The Deep Space Optical Communications demonstration flight transceiver can be identified by its large tube-like sunshade on the Psyche spacecraft, shown here inside a clean room at NASA’s Jet Propulsion Laboratory.
Photo Credits: NASA/JPL-Caltech

DSOC demonstration will ride aboard Psyche spacecraft.

In the fall of 2029, a spacecraft that will be orbiting a curious metallic asteroid far beyond Mars will direct near-infrared laser signals across vast distances to a specialized optical receiver at an observatory in Southern California. It won’t be NASA’s first test of optical communications, but it will be by far the most ambitious. The Deep Space Optical Communications (DSOC) system is characterized as a ride along demonstration aboard the Psyche spacecraft.

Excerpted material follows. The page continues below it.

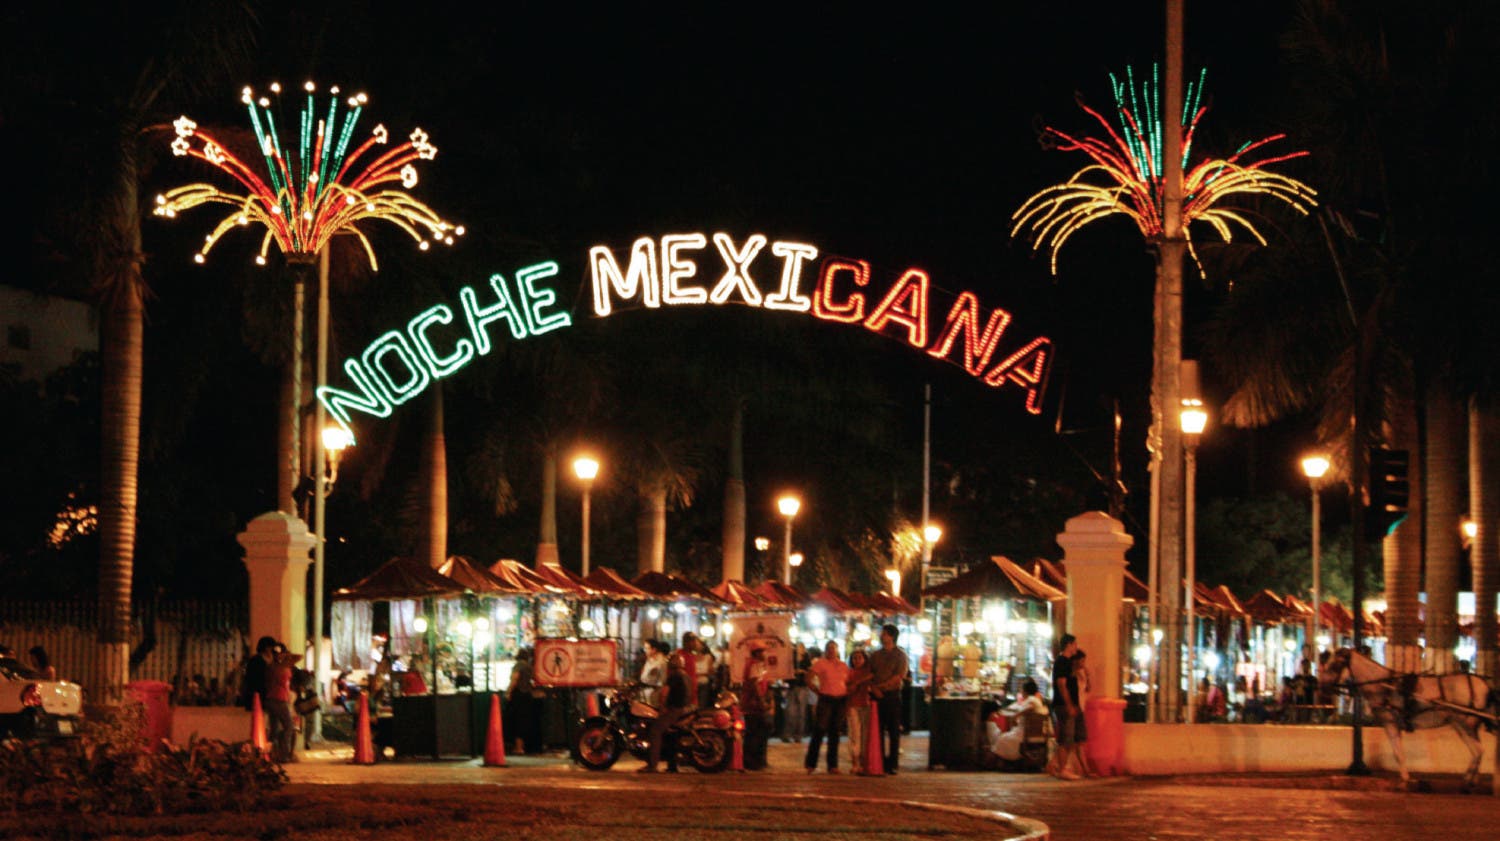 ¡Organiza la noche mexicana perfecta!

For decades, NASA has relied primarily on radio waves for communications. Much of what humans know about space has been transmitted to Earth that way. On July 21, 1969, when about one fifth of the world’s population watched Neil A. Armstrong descend a ladder and step onto the surface of the Moon, those images arrived via radio waves. On July 14, 1965, when humanity saw the first images of the vast, barren surface of Mars, those images arrived via radio waves. Today, the dazzling images from the Hubble Space Telescope and the James Webb Space Telescope arrive via radio waves.

“For 60 plus years we’ve been building bigger, more complex radio wave antennas on the Earth and in space to allow that communication so that you could see beautiful images from [the Hubble Space Telescope] or hear the astronauts talking from the [International Space Station] back to Earth, or all kinds of applications,” said Jeff Volosin, Acting Deputy Associate Administrator and Program Manager for Space Communications and Navigation, Space Operations Mission Directorate, NASA Headquarters, speaking at a NASA press conference.

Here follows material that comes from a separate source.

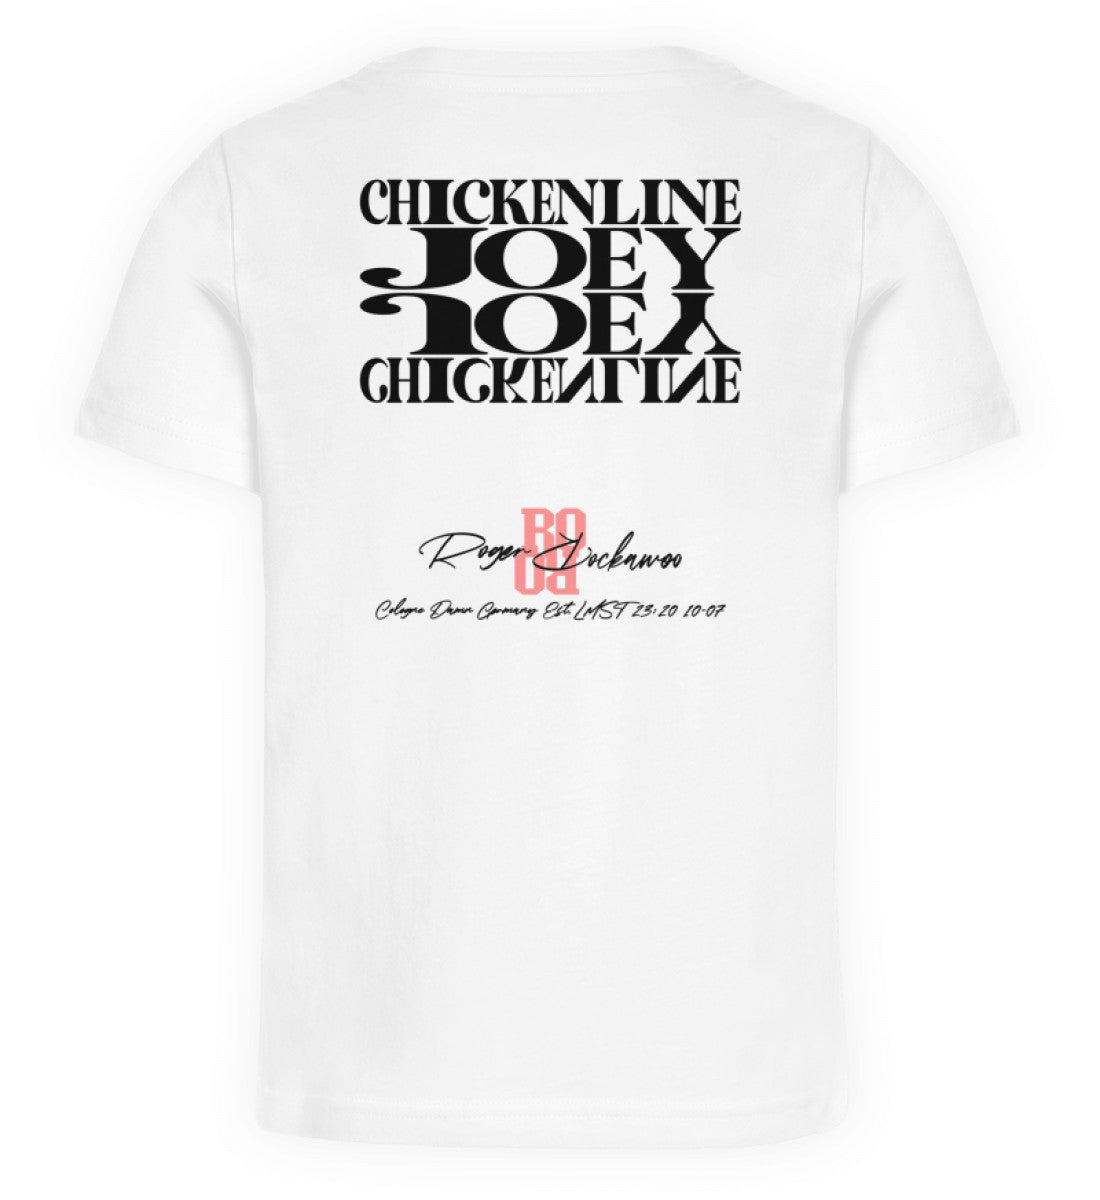 Weißes T-Shirt Unisex für Kinder Jungen und Maedchen in schwarz bedruckt mit dem Schriftzug Design der Downhill Chickenline Joey Kollektion und dem Logo Schriftzug von Roger Rockawoo Clothing

Current Space Communications and Navigation (SCaN) ground stations. TDRS stands for Tracking and Data Relay Satellite. Graphic Credit: NASA

Current Space Communications and Navigation (SCaN) ground stations. TDRS stands for Tracking and Data Relay Satellite.
Graphic Credit: NASA

“But as we’ve been evolving radio communications over the years, you’ll notice that … the antennas we need are getting bigger and bigger. If you’ve ever seen pictures of the 70-meter diameter antennas that we have spread throughout the world to communicate with probes out into deep space, radio waves do have limitations,” Volosin added.

As NASA prepares to establish a long-term human presence at the Moon with the Artemis program to learn the lessons that will inform an eventual human mission to Mars, optical communications promise to provide dramatically increased bandwidth. “…We’re looking to increase the speed at which we can get data down to Earth, and we’re looking to increase the amount of data we can get down to Earth. And that has a lot of advantages for us,” Volosin said.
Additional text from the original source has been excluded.